Do not award M3 for “oxidation number changes”.
(i)
«\(\left\langle {\frac{{2.478}}{{4 \times 30.97}}} \right\rangle \)»= 0.02000 «mol»
(ii)
n(NaOH) = «0.1000 × 5.00 =» 0.500 «mol» AND P4/phosphorus is limiting reagent
Accept n(H2O) = \(\frac{{100}}{{18}}\) = 5.50 AND P4 is limiting reagent.
(iii)
amount in excess «= 0.500 – (3 × 0.02000)» = 0.440 «mol»
(iv)
«22.7 × 1000 × 0.02000» = 454 «cm3»
Accept methods employing pV = nRT, with p as either 100 (454 cm3) or 101.3 kPa (448 cm3).
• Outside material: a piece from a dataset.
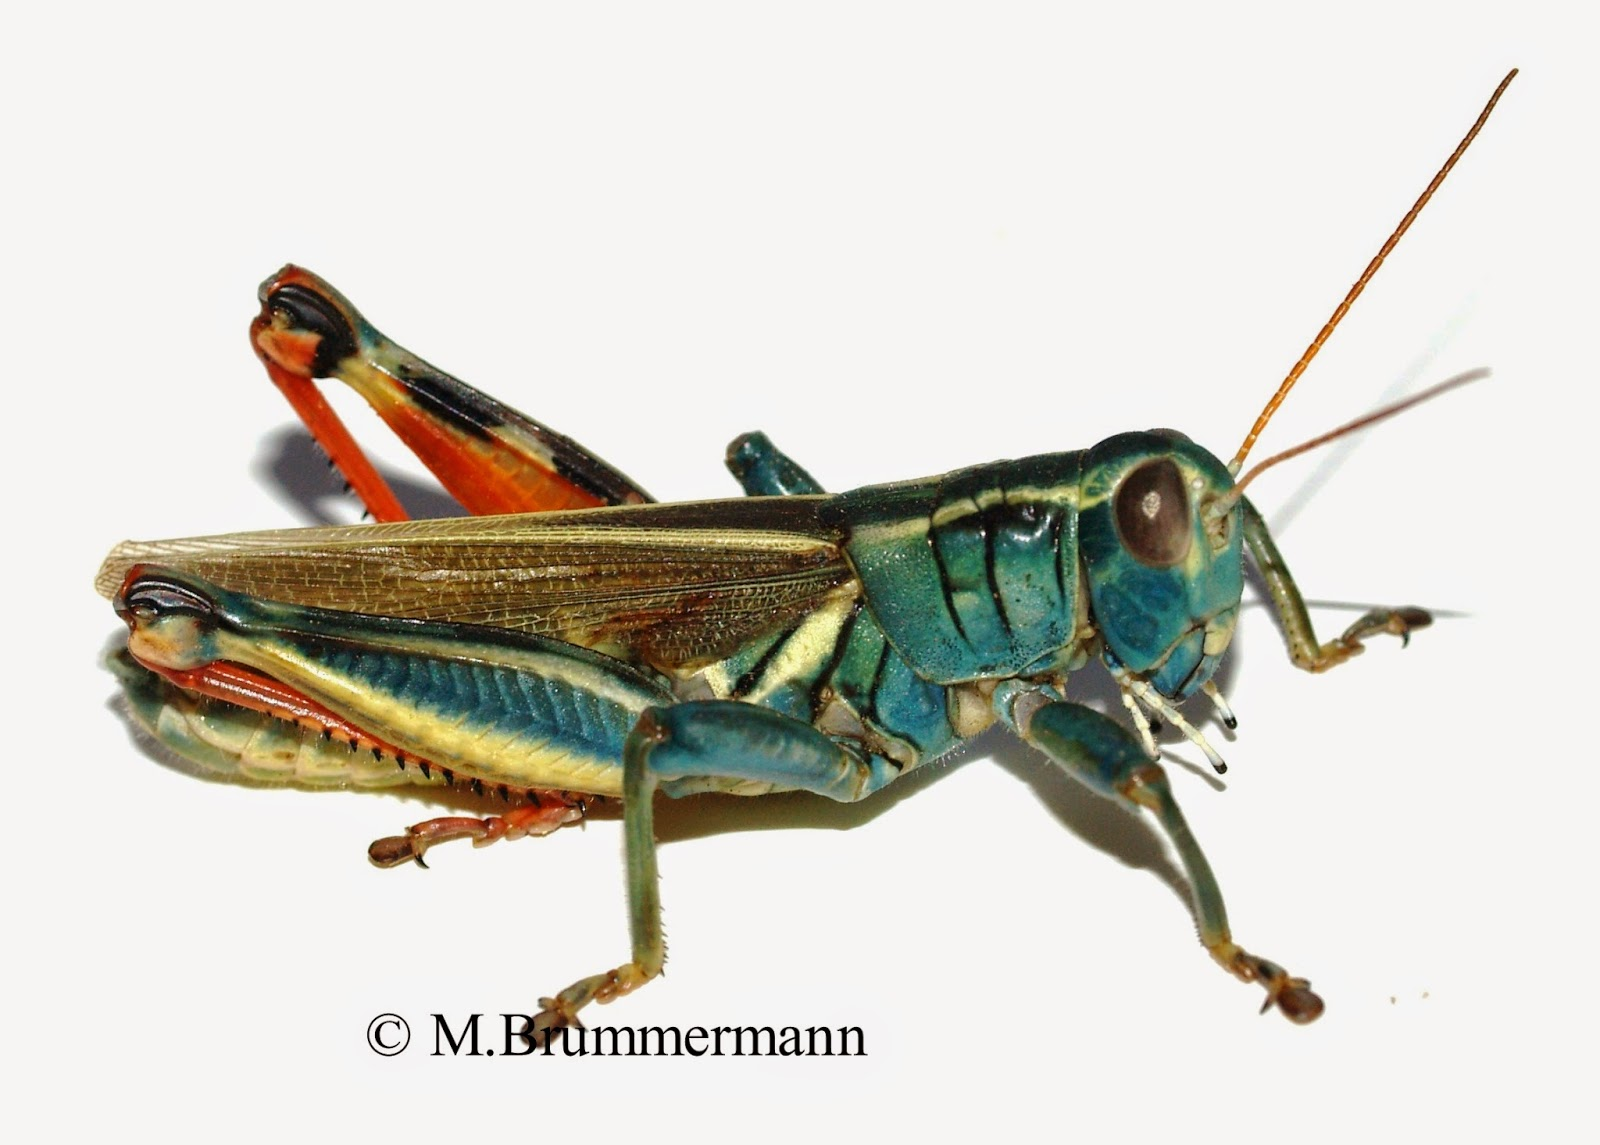 U.s. Grasshoppers Arizona: Beetles, Bugs...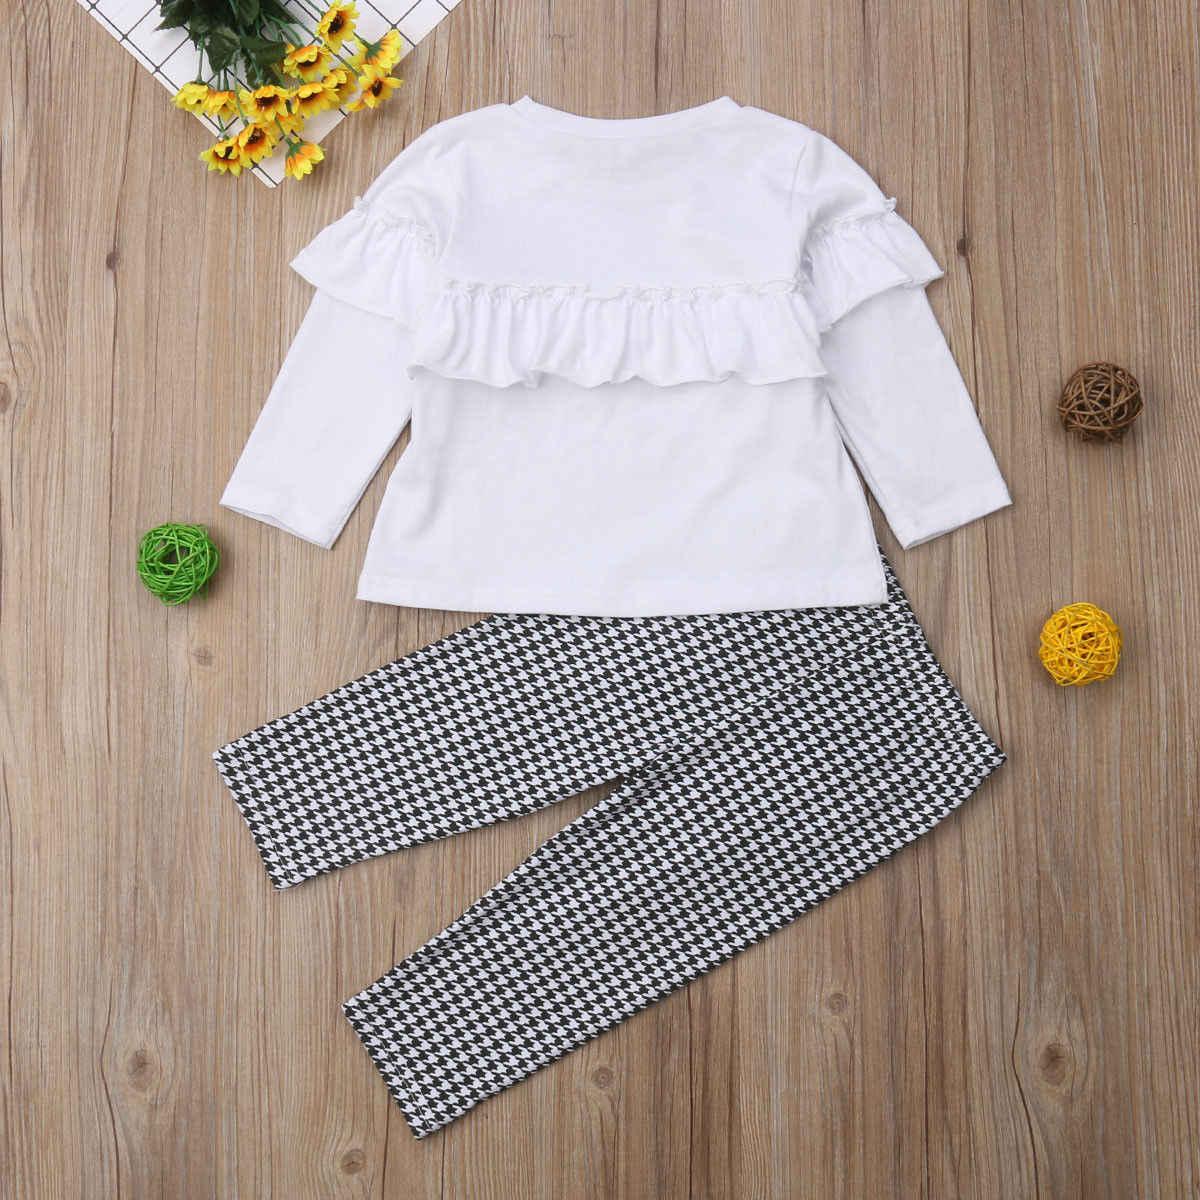 94506d1a39a4f ... Girls Clothes Set Autumn Flouncing Shirt Pants 2pcs Children Clothing  Set Fashion Kids Girl Outfits Plaid ...

Do not accept answers in dm3.
(i)
temperature rise «=\(\frac{{750 \times 1.00}}{{0.2000 \times 1.00}}\)»=3750«°C/K»
Do not accept −3750.
(ii)
n(P)«=\(\frac{{43.6}}{{30.97}}\)»=1.41 «mol»
n(O) «=\(\frac{{100 – 43.6}}{{16.00}}\)»=3.53 «mol»
«\(\frac{{n\left( {\rm{O}} \right)}}{{n\left( {\rm{P}} \right)}}\)=\(\frac{{3.53}}{{1.41}}\) = 2.50 so empirical formula is» P2O5
Accept other methods where the working is shown.
(iii)
«\(\frac{{285}}{{141.9}}\)=2.00, so molecular formula = 2×P2O5=»P4O10
(iv)
P4O10(s) + 6H2O (l) → 4H3PO4 (aq)
Accept P4O10(s) + 2H2O (l) → 4HPO3 (aq) (initial reaction)
Accept P2O5(s) + 3H2O(l) → 2H3PO4(aq)
Accept equations for P4O6/P2O3 if given in d (iii).
Accept any ionized form of the acids as the products.
(v)
phosphorus not commonly found in fuels
OR
no common pathways for phosphorus oxides to enter the air
OR
amount of phosphorus-containing organic matter undergoing anaerobic decomposition is small
Accept “phosphorus oxides are solids so are not easily distributed in the atmosphere”.
Accept “low levels of phosphorus oxide in the air”.
Do not accept “H3PO4 is a weak acid”.
(vi)
Pre-combustion:
remove sulfur/S/sulfur containing compounds
Post-combustion:
remove it/SO2 by neutralization/reaction with alkali/base
Accept “lime injection fluidised bed combustion” for either, but not both.